» **Given data**:

BEGIN

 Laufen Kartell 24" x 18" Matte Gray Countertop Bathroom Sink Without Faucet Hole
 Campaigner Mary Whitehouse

END
BEGIN

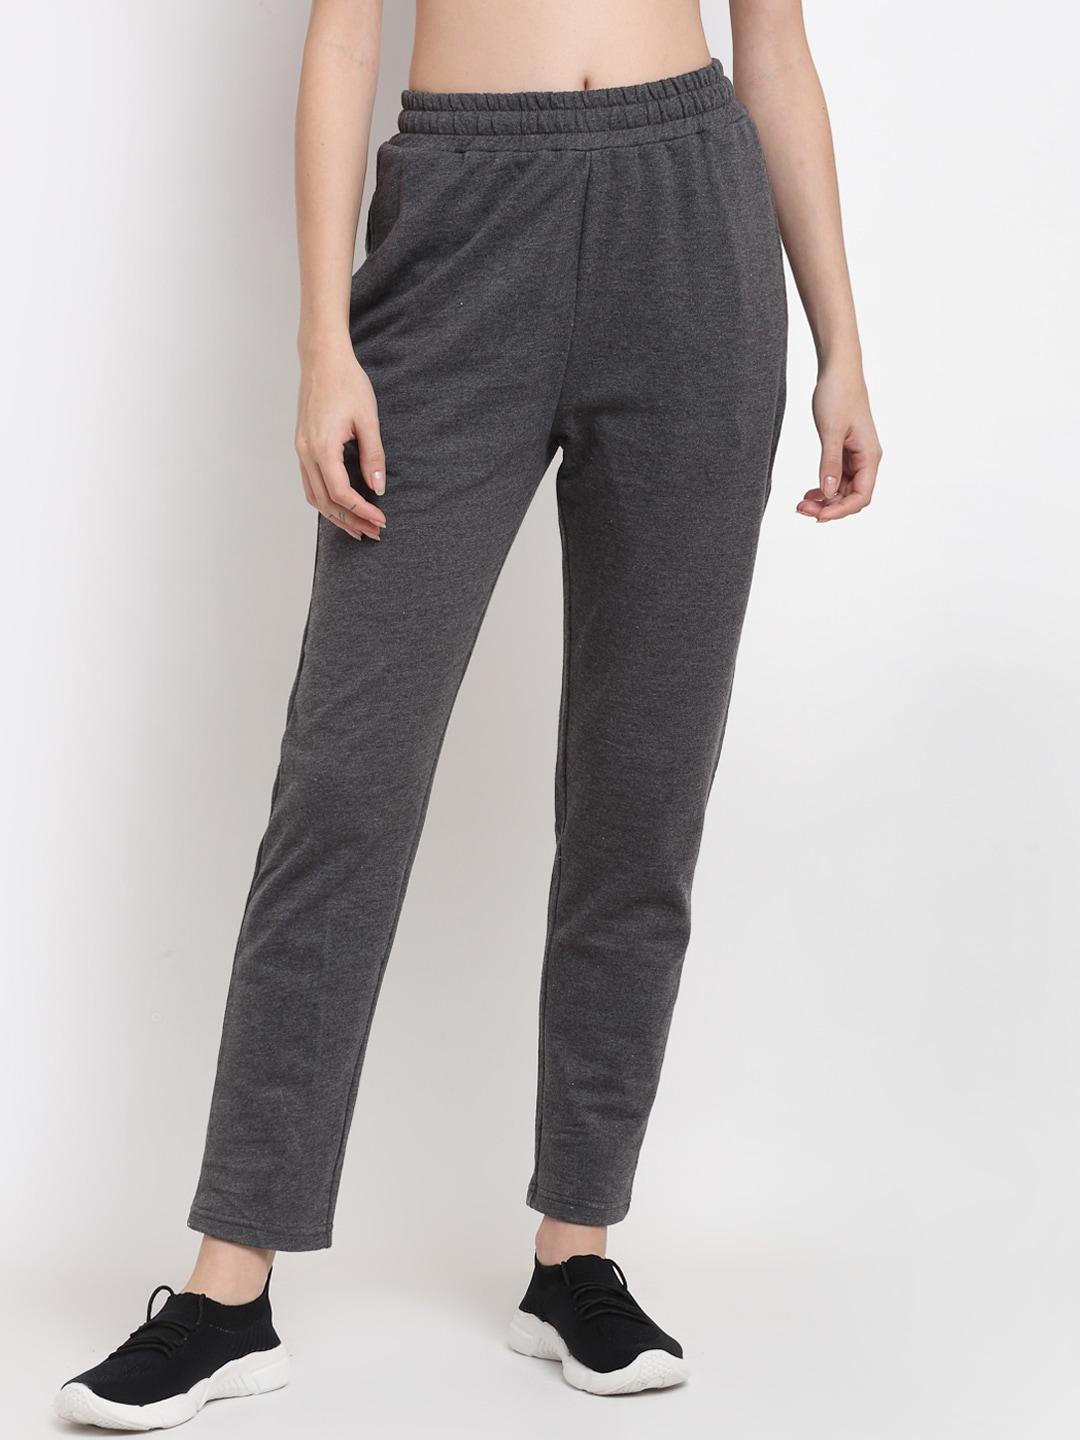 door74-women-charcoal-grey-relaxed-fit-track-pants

END

» **Your instructions**: The expected answer is an exact copy of the lines above, beginning at the line with "Without Faucet Hole" and ending at the line with "Campaigner Mary Whitehouse", with both ends in.

» **Solution**:
 Laufen Kartell 24" x 18" Matte Gray Countertop Bathroom Sink Without Faucet Hole
 Campaigner Mary Whitehouse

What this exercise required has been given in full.